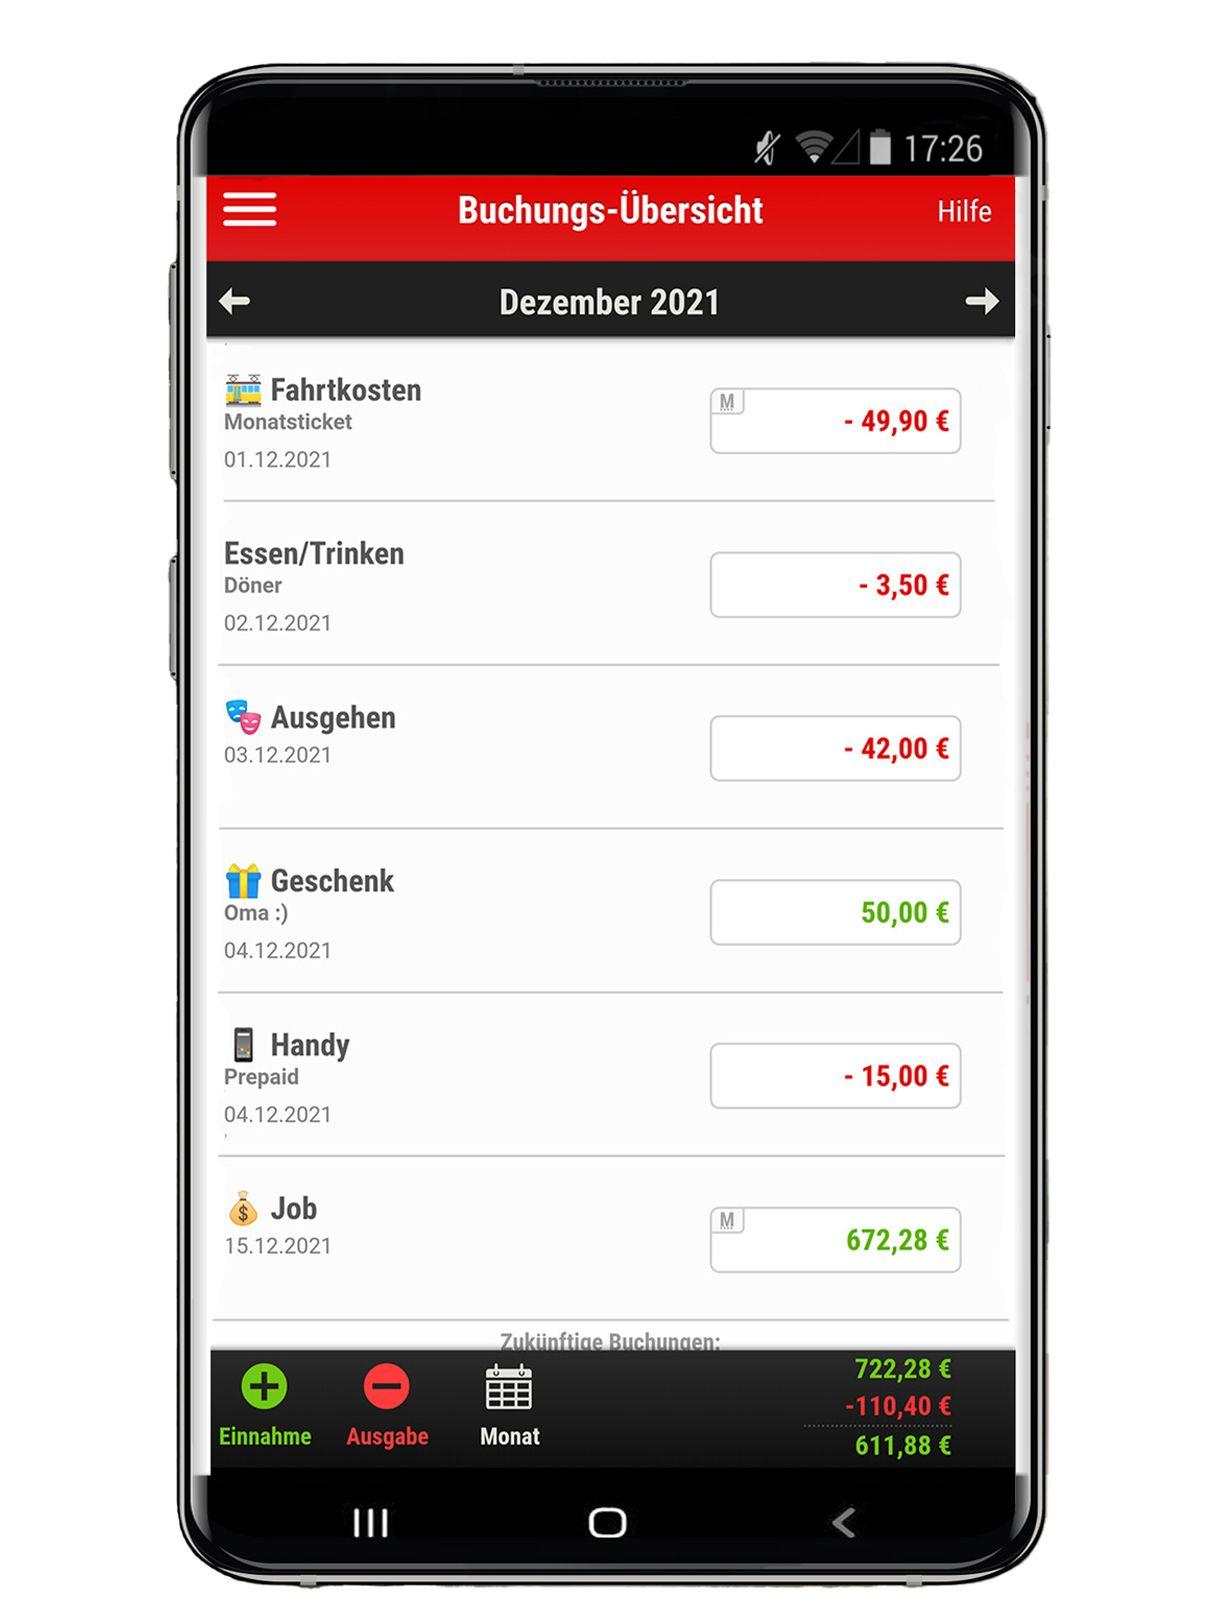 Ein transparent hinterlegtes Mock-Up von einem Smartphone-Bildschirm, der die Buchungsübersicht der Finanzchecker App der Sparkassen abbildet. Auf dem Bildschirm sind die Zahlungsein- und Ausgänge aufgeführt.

....

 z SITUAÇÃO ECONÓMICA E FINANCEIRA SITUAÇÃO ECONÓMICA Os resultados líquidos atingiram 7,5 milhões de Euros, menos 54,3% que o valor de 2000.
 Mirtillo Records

....

Exercise details: Keep both end lines and retype everything in the records above from the line containing "z SITUAÇÃO ECONÓMICA" through the line containing "Mirtillo Records", exactly, with nothing else.

Written answer:
 z SITUAÇÃO ECONÓMICA E FINANCEIRA SITUAÇÃO ECONÓMICA Os resultados líquidos atingiram 7,5 milhões de Euros, menos 54,3% que o valor de 2000.
 Mirtillo Records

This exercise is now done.